---- RECORDS FOR THIS EXERCISE

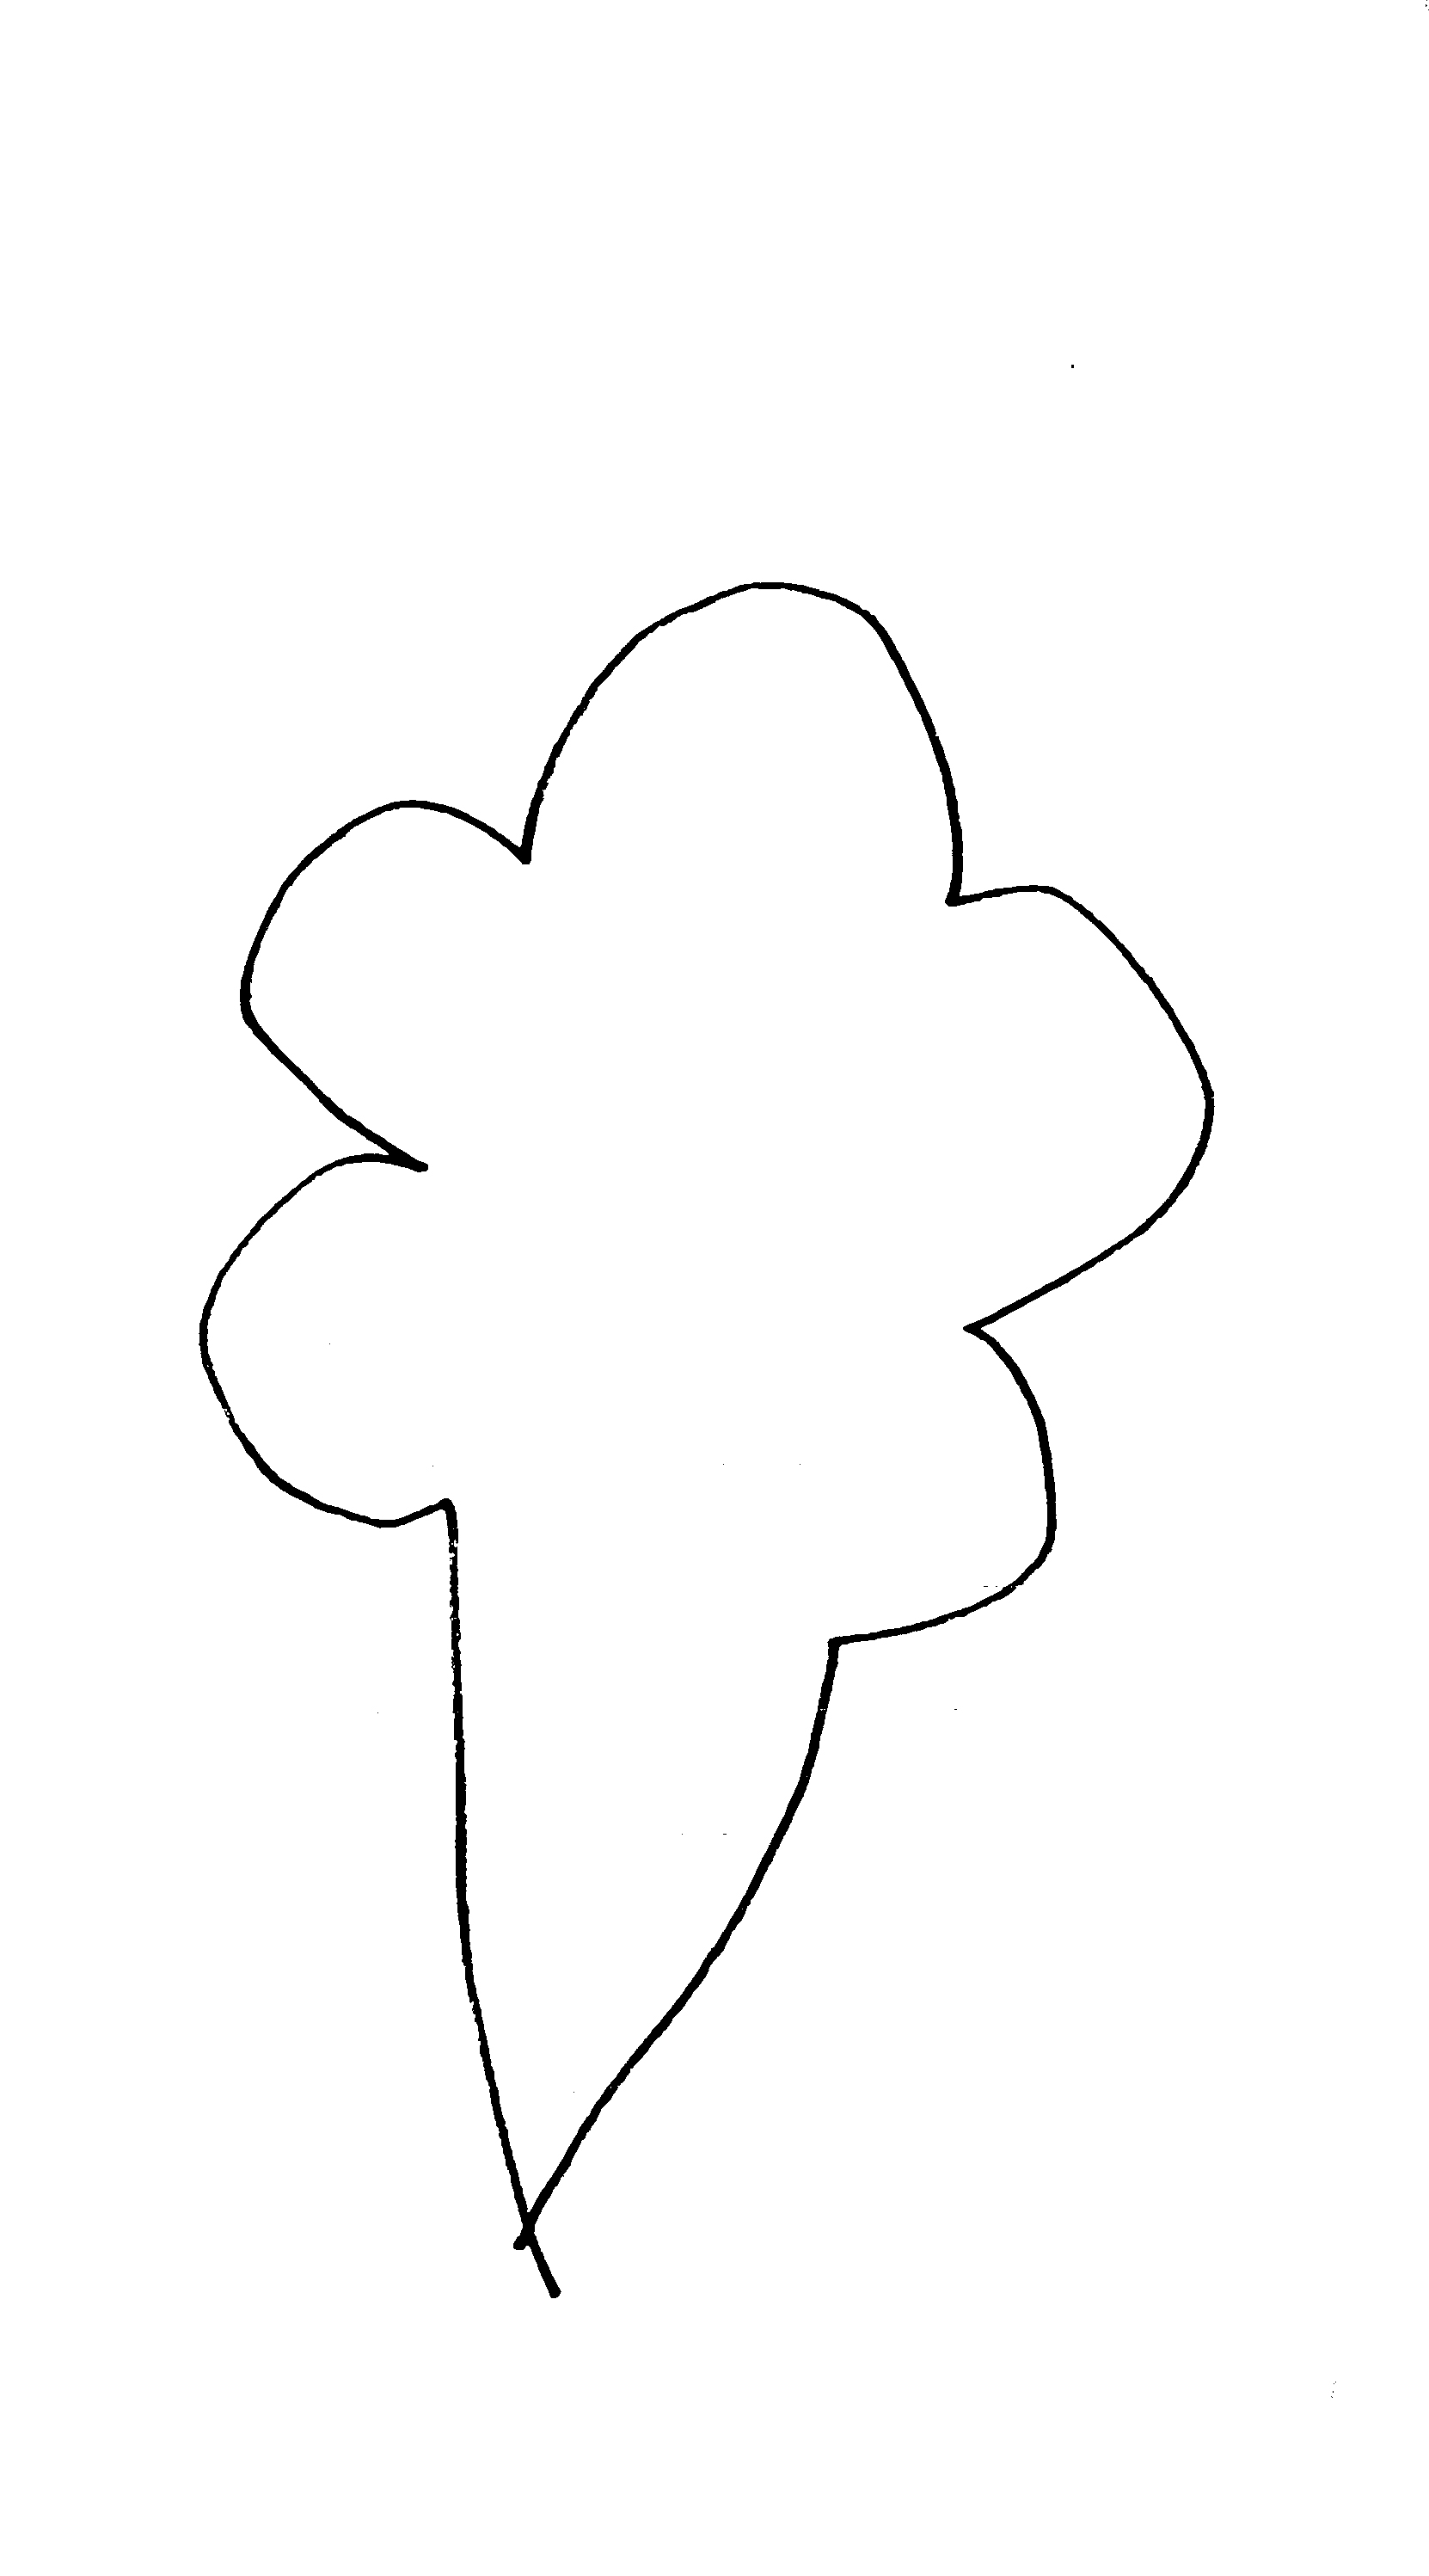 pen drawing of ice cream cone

--------
---- RECORDS FOR THIS EXERCISE

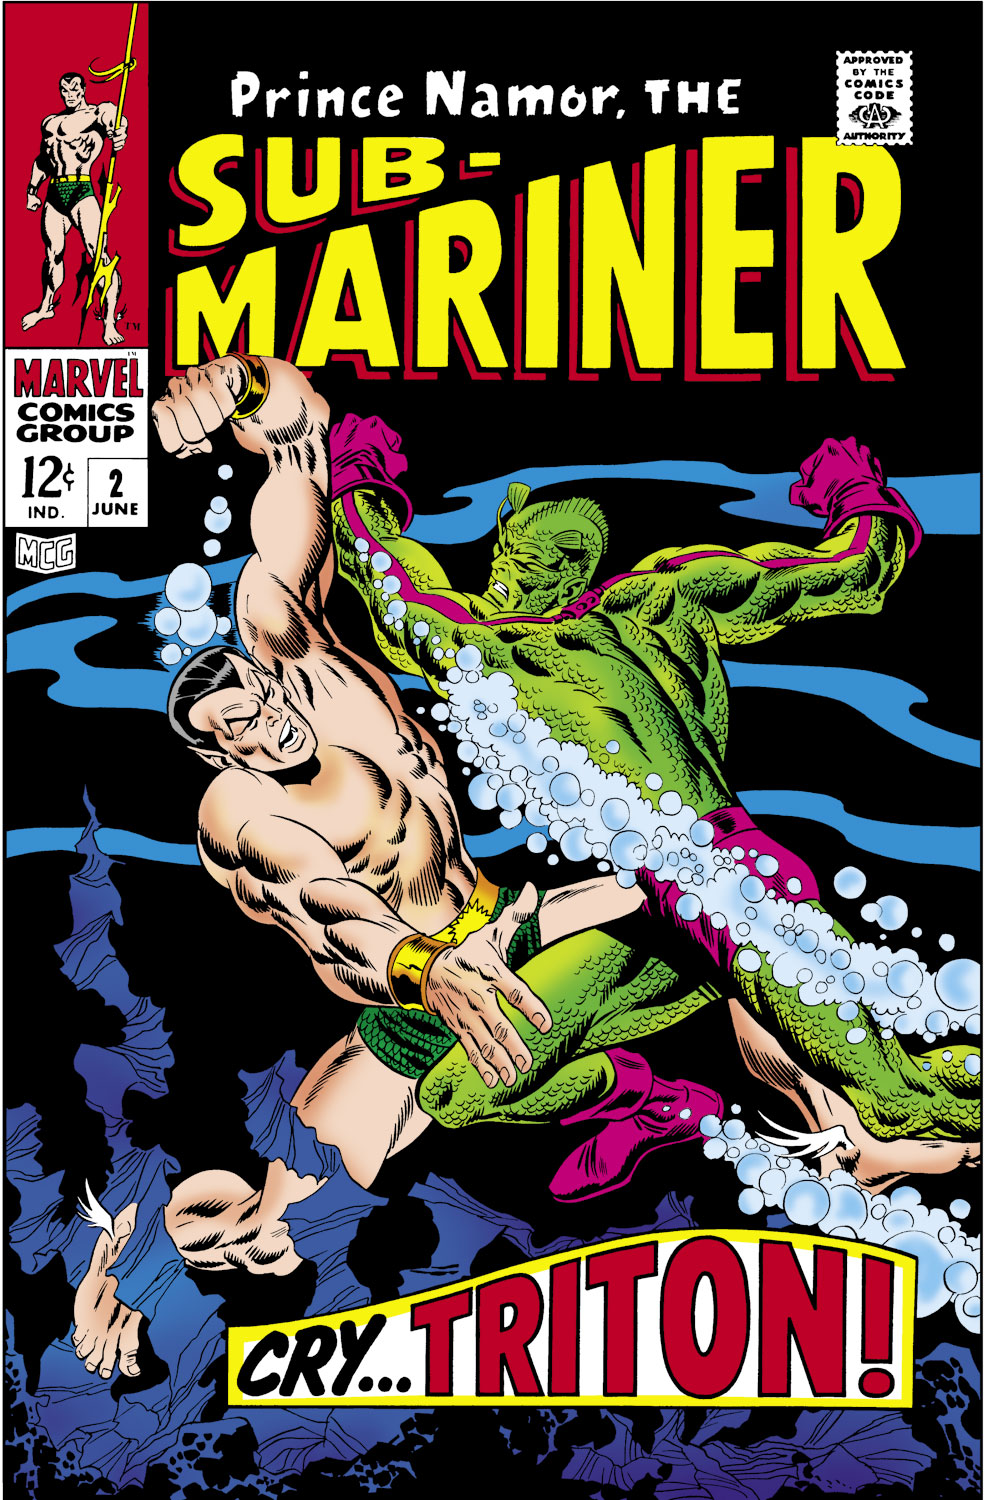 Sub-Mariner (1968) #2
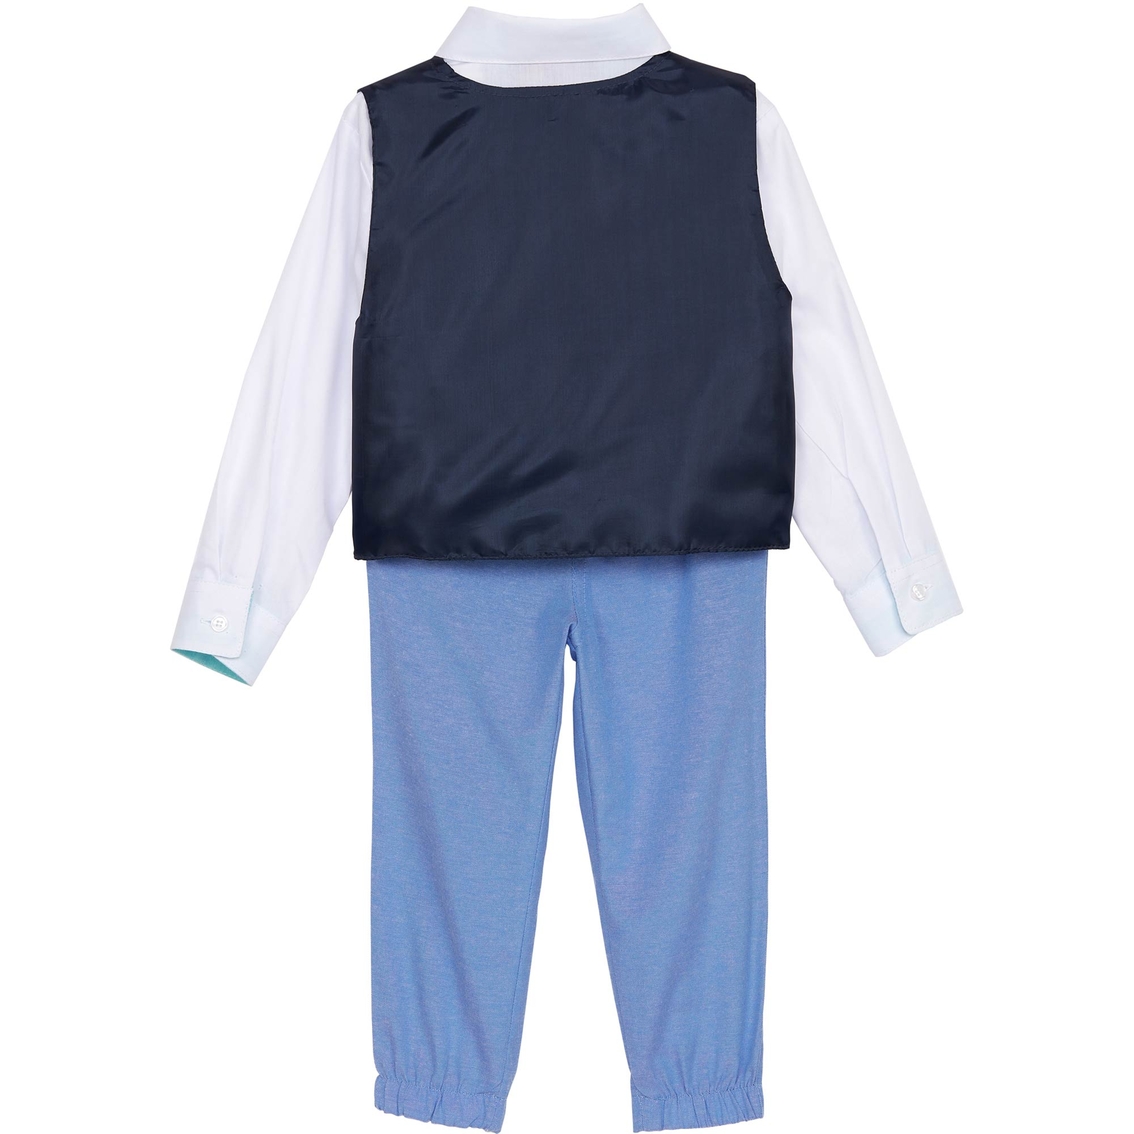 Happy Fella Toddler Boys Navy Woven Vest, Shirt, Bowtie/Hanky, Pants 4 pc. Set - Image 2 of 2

--------
---- RECORDS FOR THIS EXERCISE

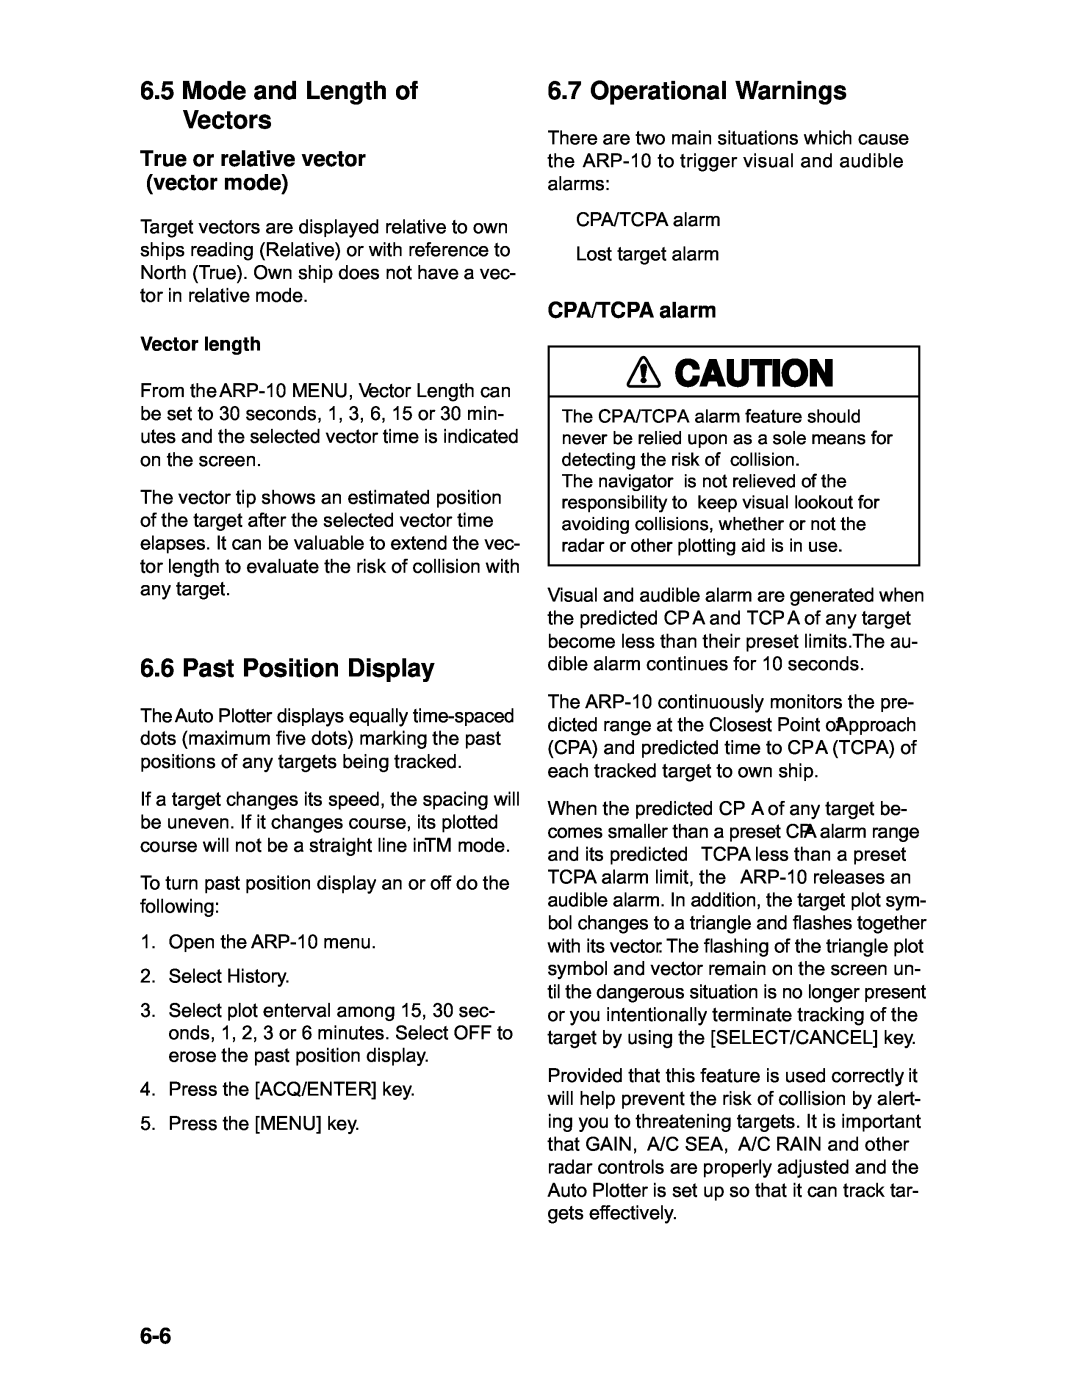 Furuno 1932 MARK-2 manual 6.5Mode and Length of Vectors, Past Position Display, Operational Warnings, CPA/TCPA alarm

--------

ACTIVITY ▸ Within the listing above, write out the stretch from the line with "Sub-Mariner (1968) #2" through the line with "Happy Fella Toddler" exactly. Any pictures are to be left out.

RESULT BELOW ▸
 Sub-Mariner (1968) #2
 Happy Fella Toddler Boys Navy Woven Vest, Shirt, Bowtie/Hanky, Pants 4 pc. Set - Image 2 of 2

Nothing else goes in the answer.